Duck hunters use off-season for conservation

HALIFAX, Pa. (WHTM) — The month of February can be a lonely one for a Pennsylvania duck hunter. With the season over, a group of friends in northern Dauphin County is using the winter months to give their favorite game species a boost.

“Wood ducks aren’t even here right now,” said John Kelly of Halifax.”They’re south in Georgia and other places, so this is the perfect time for us to get together here.”

Kelly is a member of the Powell’s Valley Wood Duck Alliance, the unofficial name of the group which gets the majority of its members from the Halifax and Elizabethville areas but also draws from pockets of Harrisburg and northern Lancaster County. For the past three years, Kelly and others have gathered at Stan Miller’s wood shop near Halifax to construct wood duck boxes.

“A lot of people bring the kids,” Kelly said. “That’s who it’s for. Everybody gets to take a wood duck box home, put it up on their local creek and increase the numbers of ducks come fall. There are those of us who like to take cameras out and get more pictures of ducks. Those of us who like to hunt get more of them to shoot at.”


Kelly, Miller and John Laskowski of Elizabethville typically get together on Super Bowl weekend and cut the pieces of wood they’ll need for the boxes. When the larger group of adults and children arrive the following Sunday, Laskowski will lead the group in assembling the boxes.

“These are all the pieces you’re going to need,” Laskowski directed as others walked up and down the makeshift assembly line with their stack of lumber. “This is going to be the hole for the ducks to go in and out.”

One by one, the members carry their front piece of wood to Laskowski, where he assists them in stapling a piece of wire mesh to the inside of the box below the hole.

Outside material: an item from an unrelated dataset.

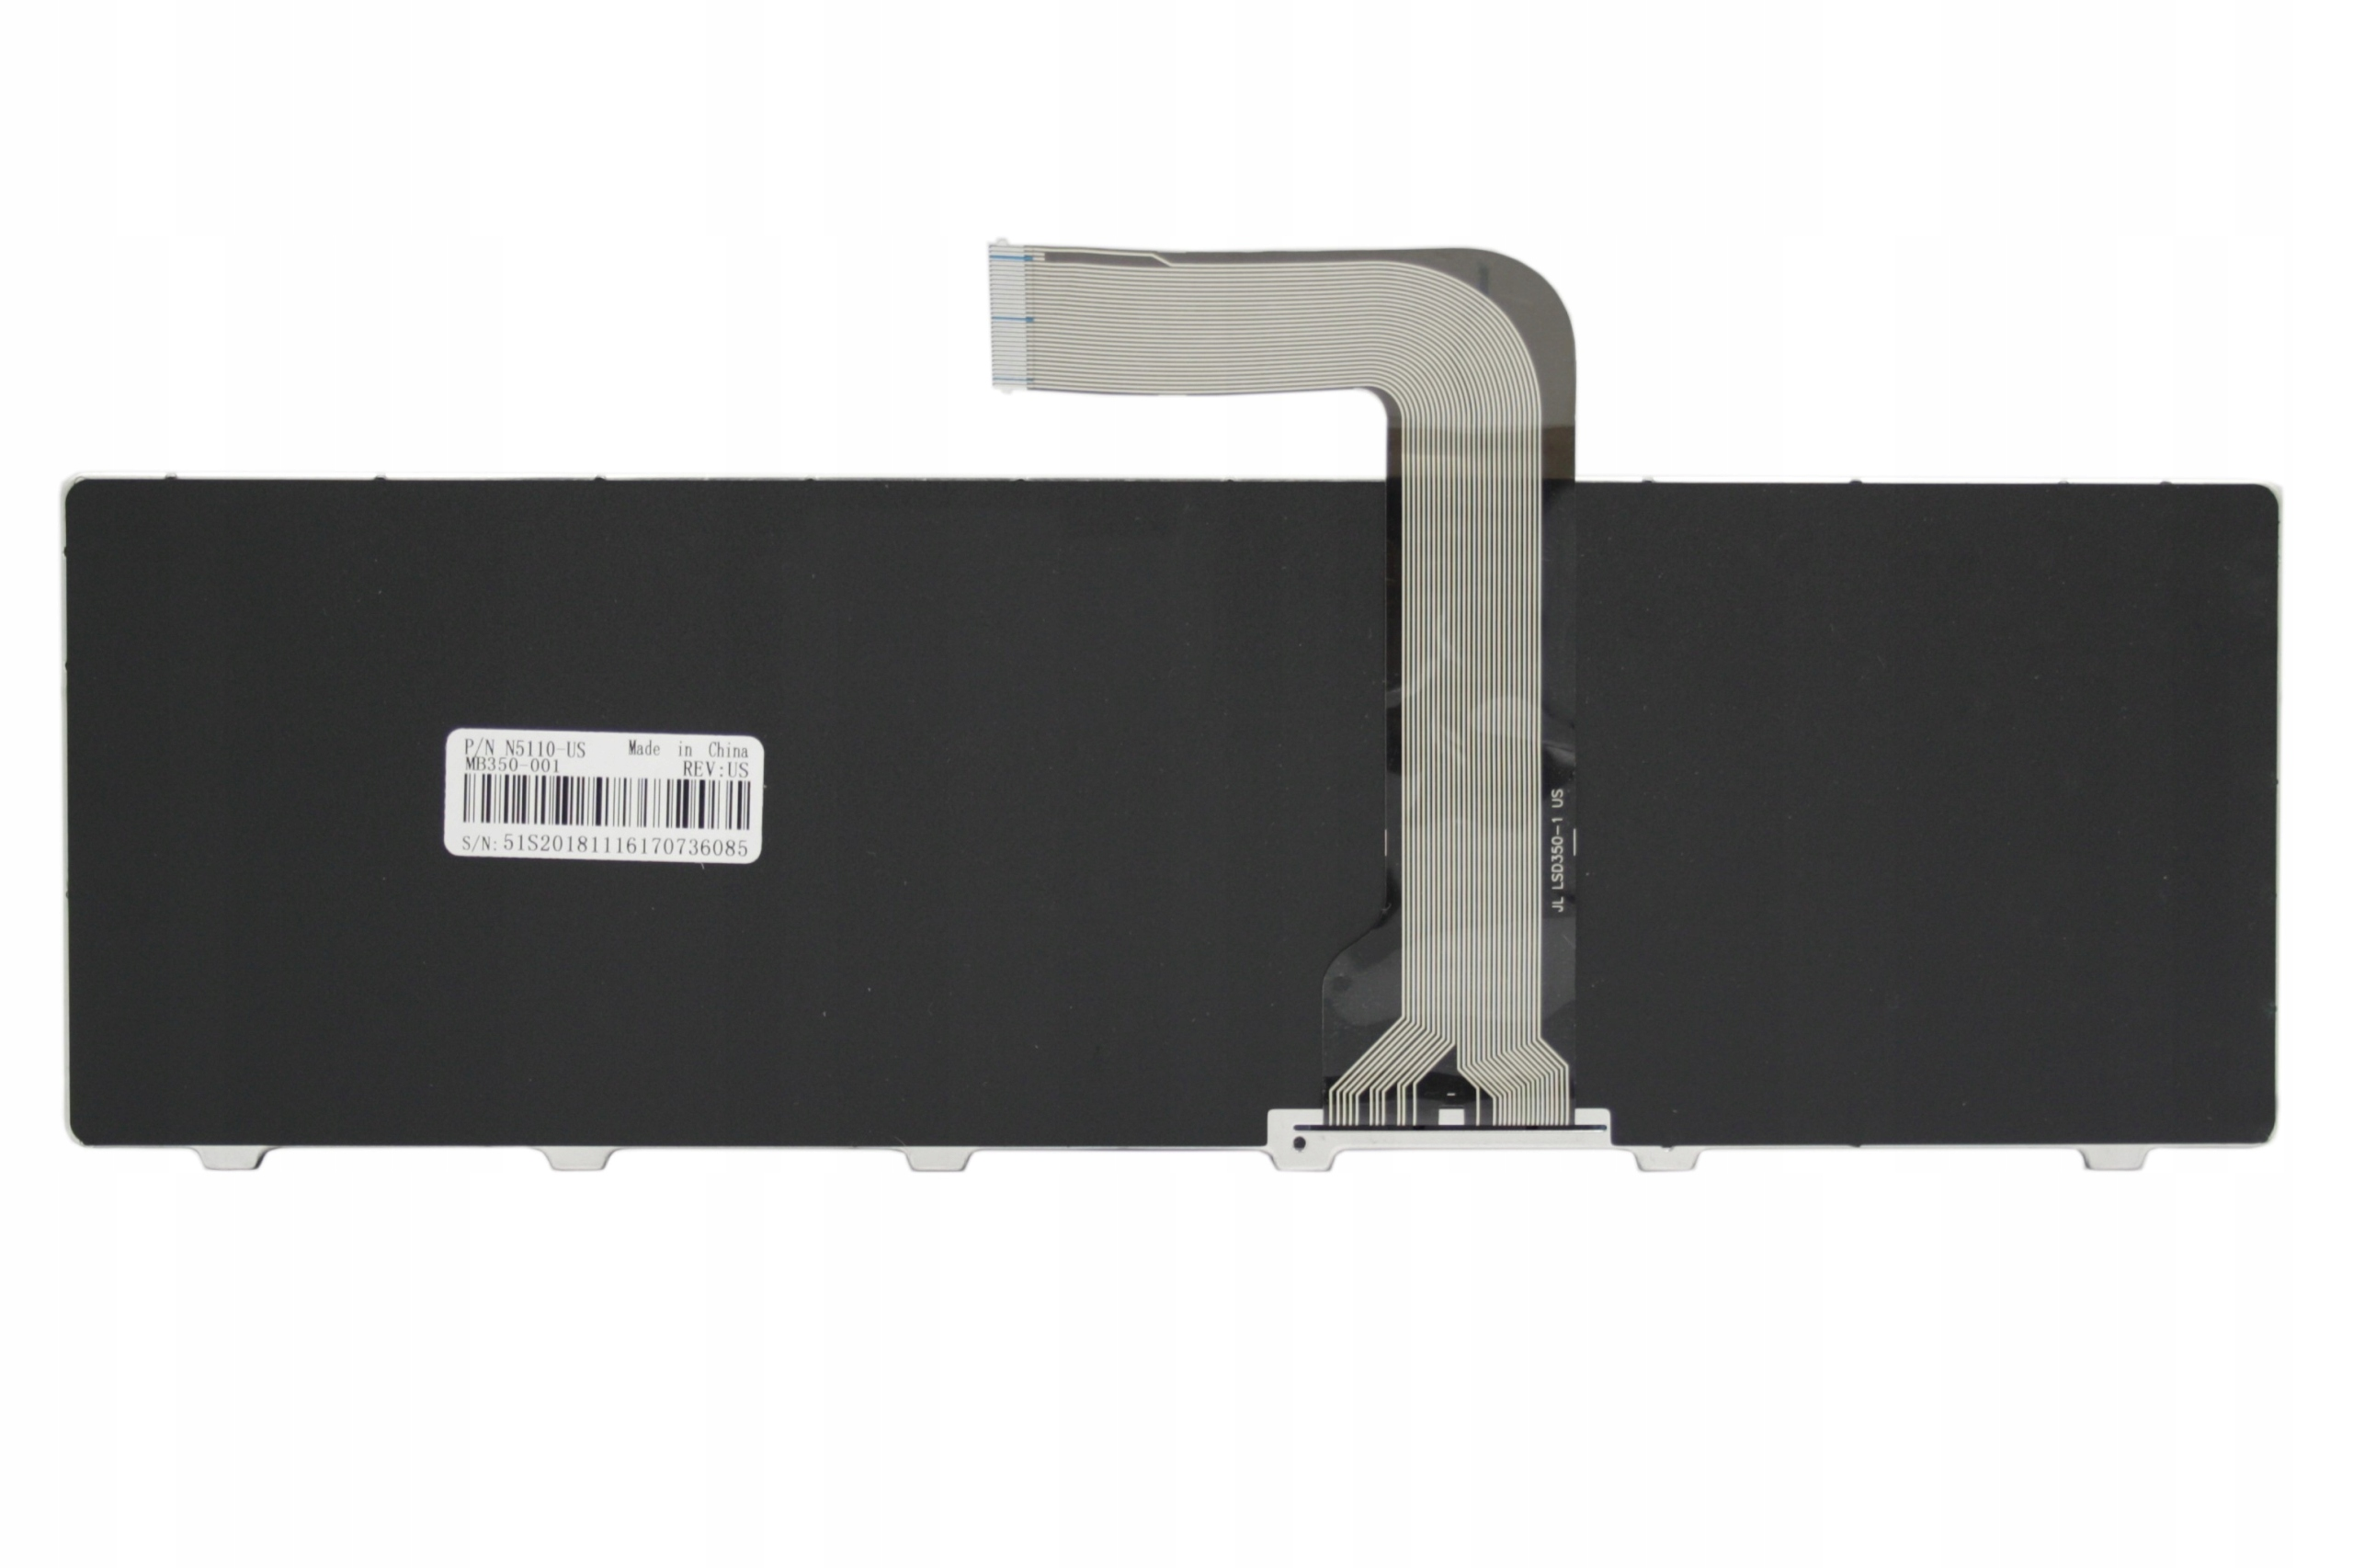 KLAWIATURA DELL INSPIRON 15R N5110 Q15R M5110 SE-5720 - Klawiatury do laptopów

“This is so the baby ducks can crawl out of the box,” said Ava Matter, 11, of Elizabethville.

Matter, who came to the build along with her father and brother, uses a power drill to drive several screws into the front of the box. She says it’s a tough job, but she wouldn’t consider it work.

“I like it,” she laughed, “because I don’t get to work with a drill that much and I also like baby ducks.”


The boxes are finished when they are filled with several handfuls of wood chips, which will later be topped with leaves found near where they’re hung in the forest. Kelly says the dozen or so boxes the group was able to build on Sunday will be hung within the next two weeks, prior to the wood ducks’ return to the northeast. The boxes provide a perfect habitat for the species, which nests naturally in the cavities of trees where they breed and raise young.

“They’re easy to manage,” Kelly added. “If you put boxes out there, the next year the numbers are up. Over the last 10 years, they’ve increased the bag limit on wood ducks from two to three, so it just shows you that there’s a lot more of a population of wood ducks than there was even 10 years ago.”